JS & H. CONSTRUCTION CO. v. Richmond County Hosp. Auth.

Decision Date30 January 1973
Docket NumberNo. 72-1961.,72-1961.
PartiesJ. S. & H. CONSTRUCTION COMPANY, Plaintiff-Appellant, v. RICHMOND COUNTY HOSPITAL AUTHORITY et al., Defendants-Appellees.
CourtU.S. Court of Appeals — Fifth Circuit

Thomas R. Burnside, Jr., Augusta, Ga., Lewis, Mitchell & Moore, McLean, Va., Paul J. Walstad, Vienna, Va., for plaintiff-appellant.

Robert C. Norman, Augusta, Ga., Samuel C. Waller, Augusta, Ga., Luther P. House, Jr., Kent P. Smith, Atlanta, Ga., for defendants-appellees.

Before RIVES, THORNBERRY and GOLDBERG, Circuit Judges.

THORNBERRY, Circuit Judge:

J. S. & H. Construction Company, plaintiff below in this diversity case, appeals from the district court's order staying further proceedings pending arbitration between J. S. & H. and defendant-appellee George A. Fuller Company.1 We affirm.

George A. Fuller Company, a Maryland corporation with its principal place of business in New York, contracted as prime contractor with Richmond County Hospital Authority, Augusta, Georgia, to build a university hospital.
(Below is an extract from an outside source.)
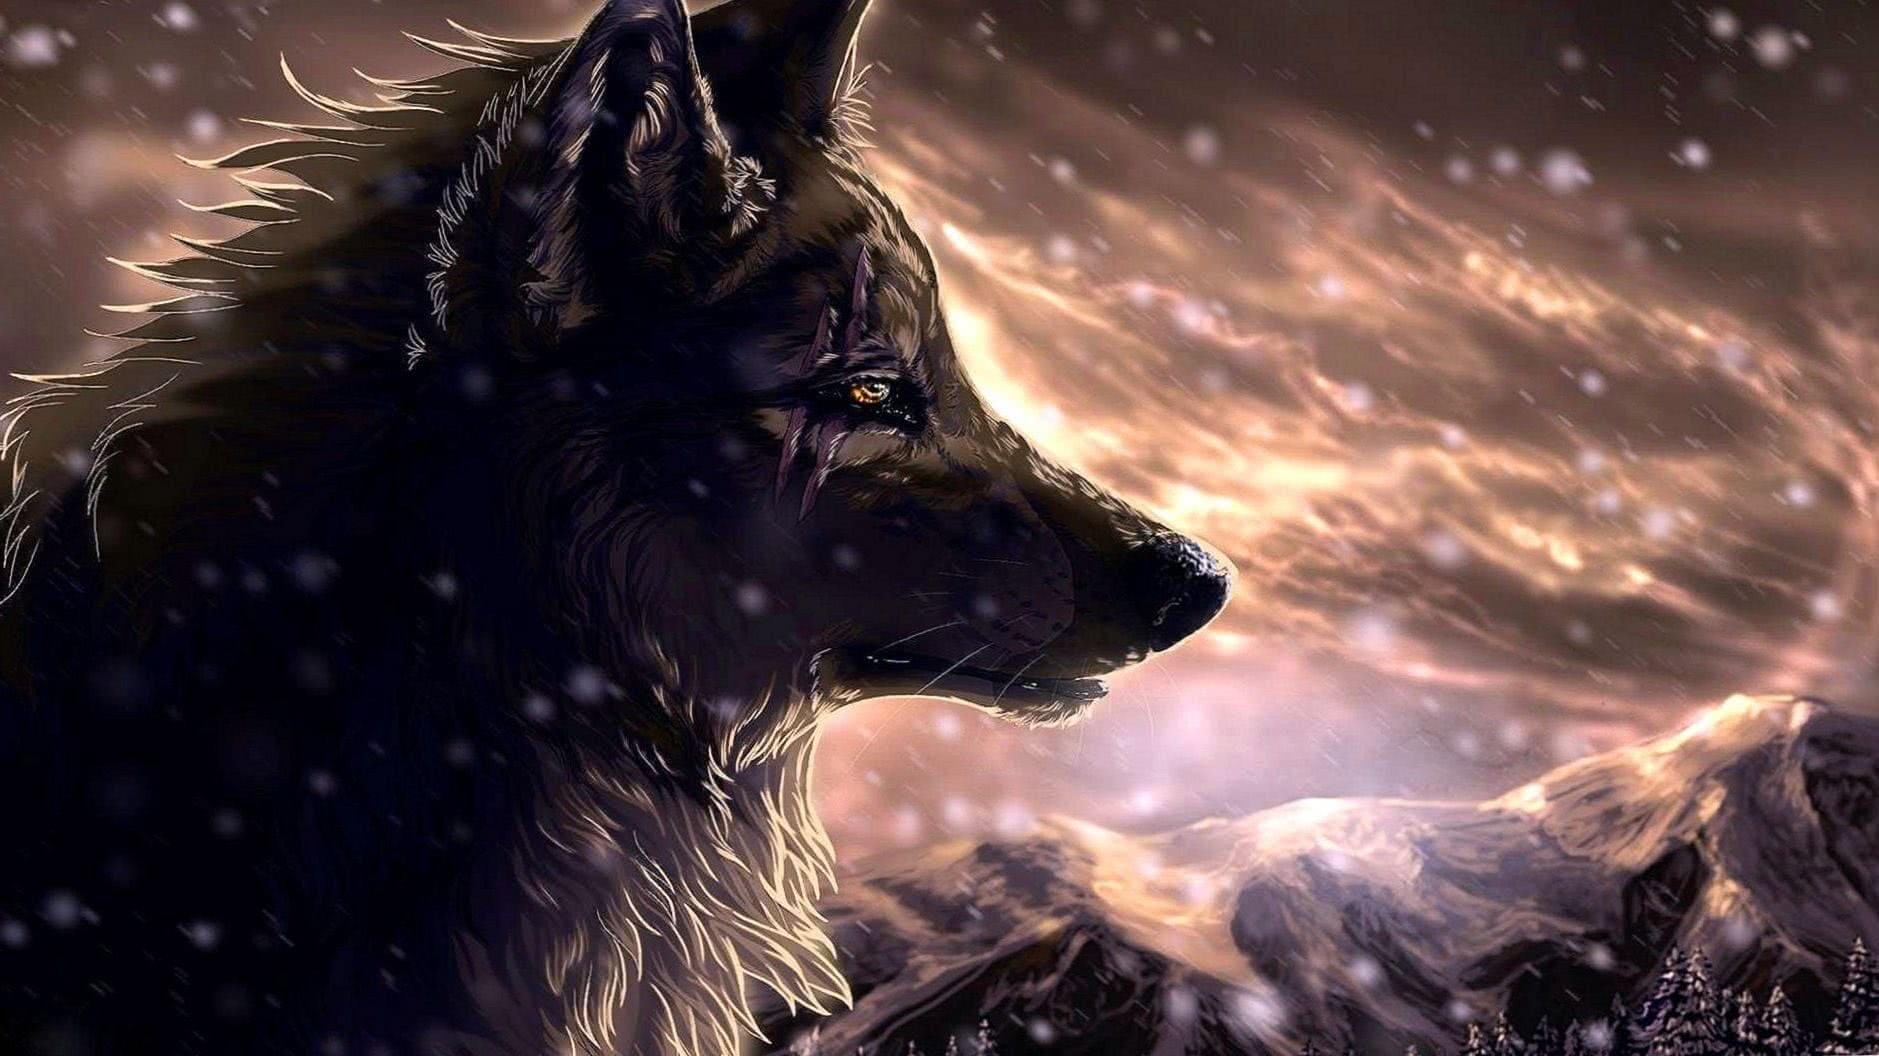 Cool HD Wallpaper Wolf
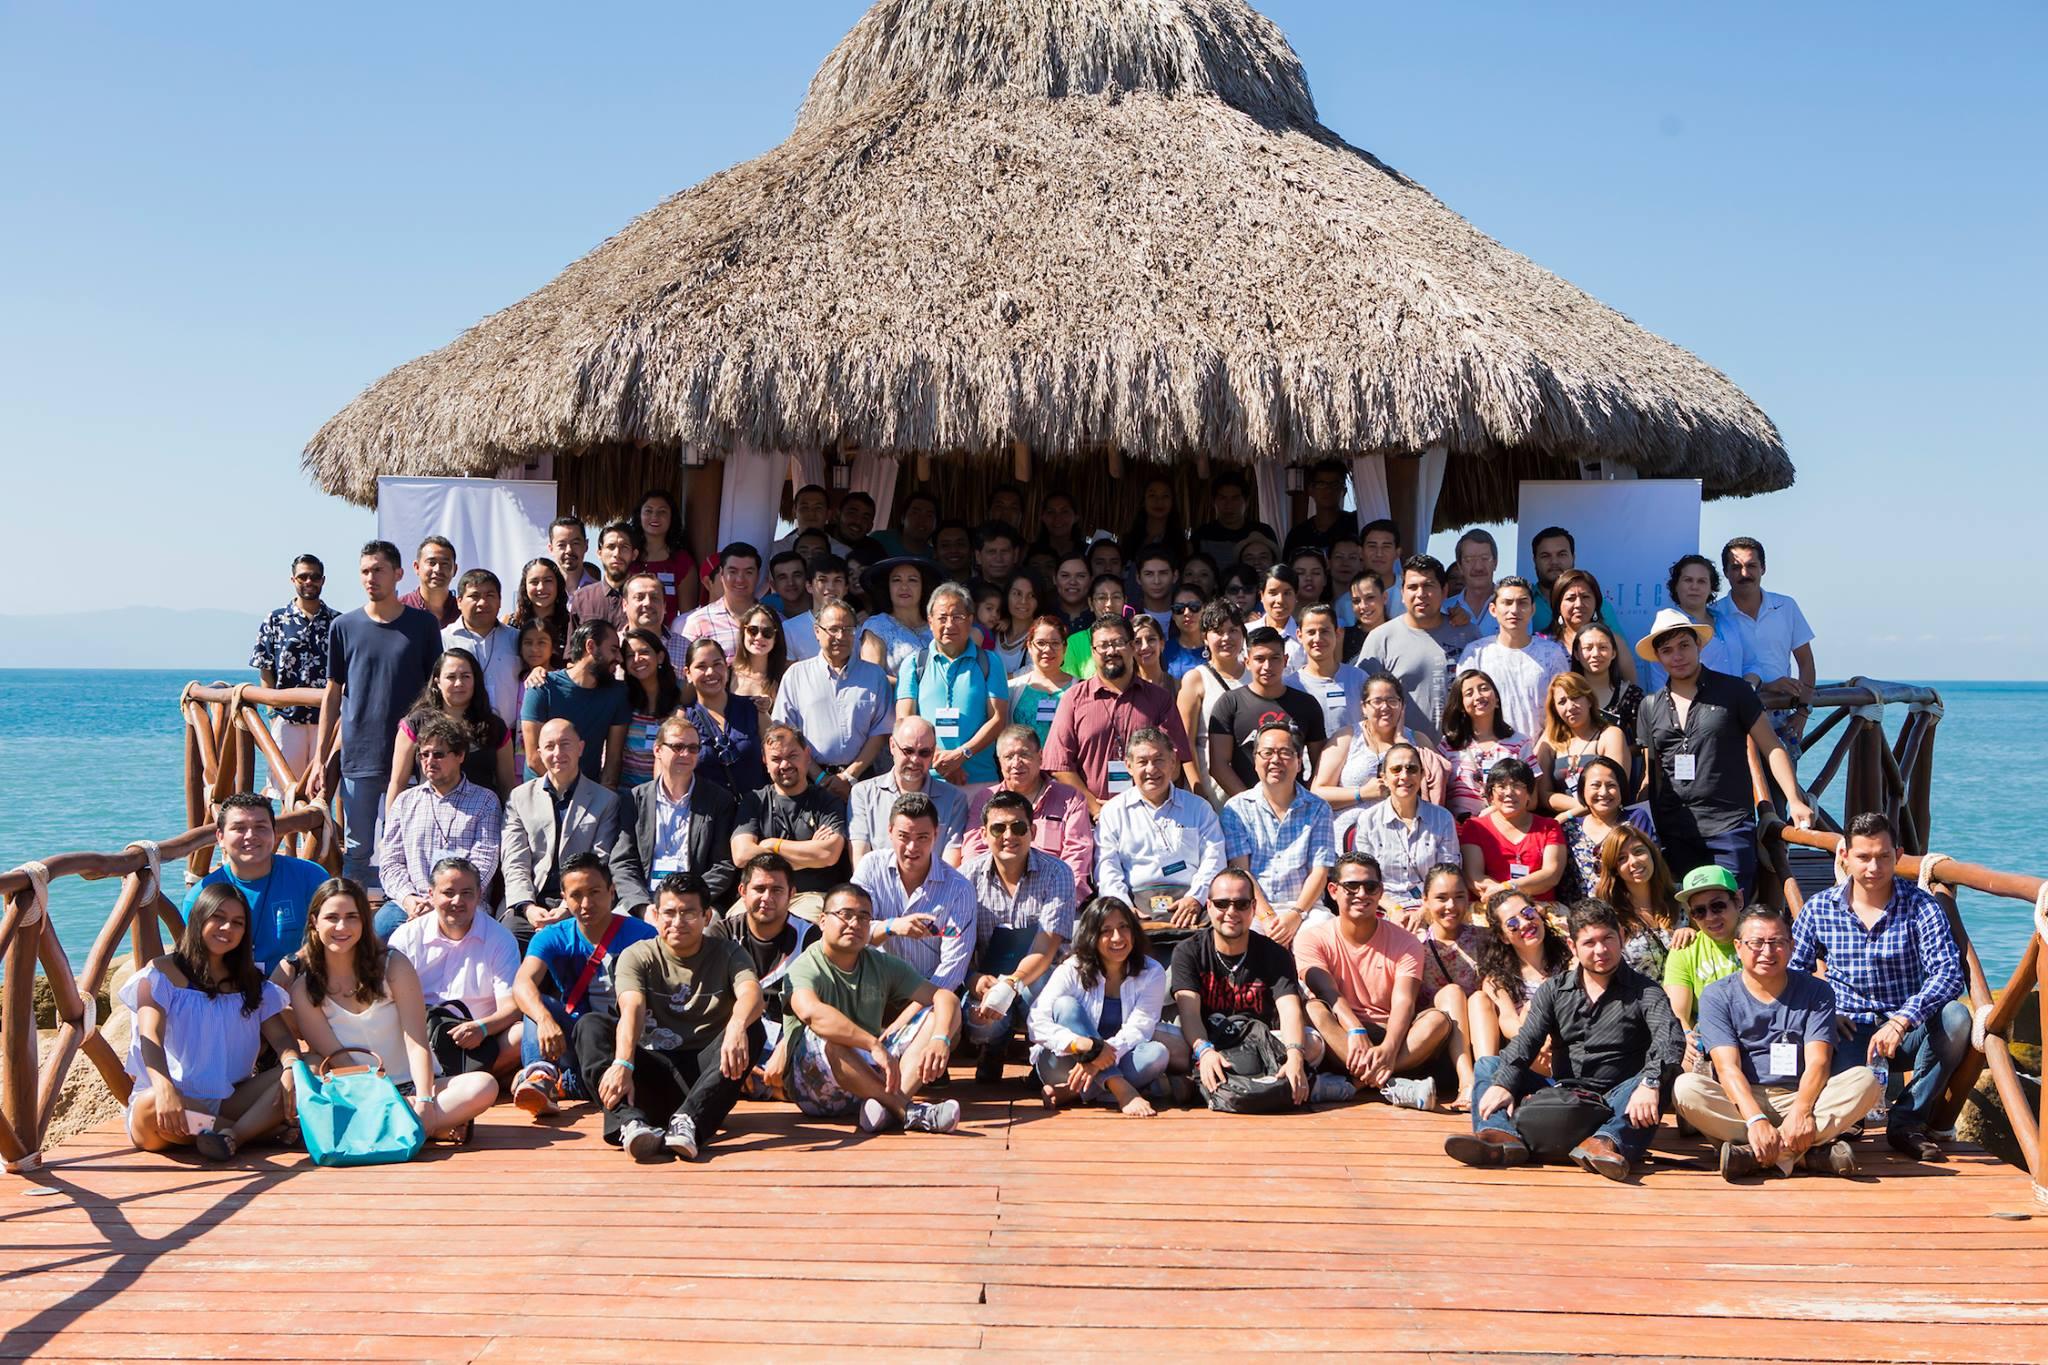 Organizadores y participantes de la doceava edición de Nanotech 2016

The "General Conditions" of the prime contract included a provision that the parties would submit contract disputes to arbitration and that neither party had "a right of legal action" based on the contract until the arbitrators reached a decision.2 Fuller then entered into a subcontract with J. S. & H. Construction Company, a legal entity of New Mexico, under which J. S. & H. was to furnish labor and materials for the construction of the hospital. The subcontract contained no express arbitration provision, but it incorporated by reference the "General Conditions" of the prime contract and explicitly provided that the subcontractor assumed toward the prime contractor those responsibilities and obligations which the prime contractor assumed toward the Hospital Authority in the prime contract.3 Fuller and its surety, Aetna Casualty and Surety Company, executed a payment bond which guaranteed prompt payment for labor and materials used in the project and which provided that any action to recover on the bond must be brought within one year after Fuller ceased working on the project.

Within one year of the time Fuller ceased work on the project, J. S. & H. sued Fuller, Aetna, and the Hospital Authority in the district court for the value of work and materials supplied on the project and for damages resulting from breach of the subcontract by Fuller. The total claim exceeded one million dollars. The Hospital Authority crossclaimed against Fuller and Aetna, and the latter two defendants moved for a stay of proceedings pending arbitration between J. S. & H. and Fuller as provided in the "General Conditions" of the prime contract, which the subcontract appears to incorporate by reference. The district court granted this motion, and J. S. & H., wishing to avoid arbitration and proceed directly to litigation, prays on this appeal that we vacate the stay order.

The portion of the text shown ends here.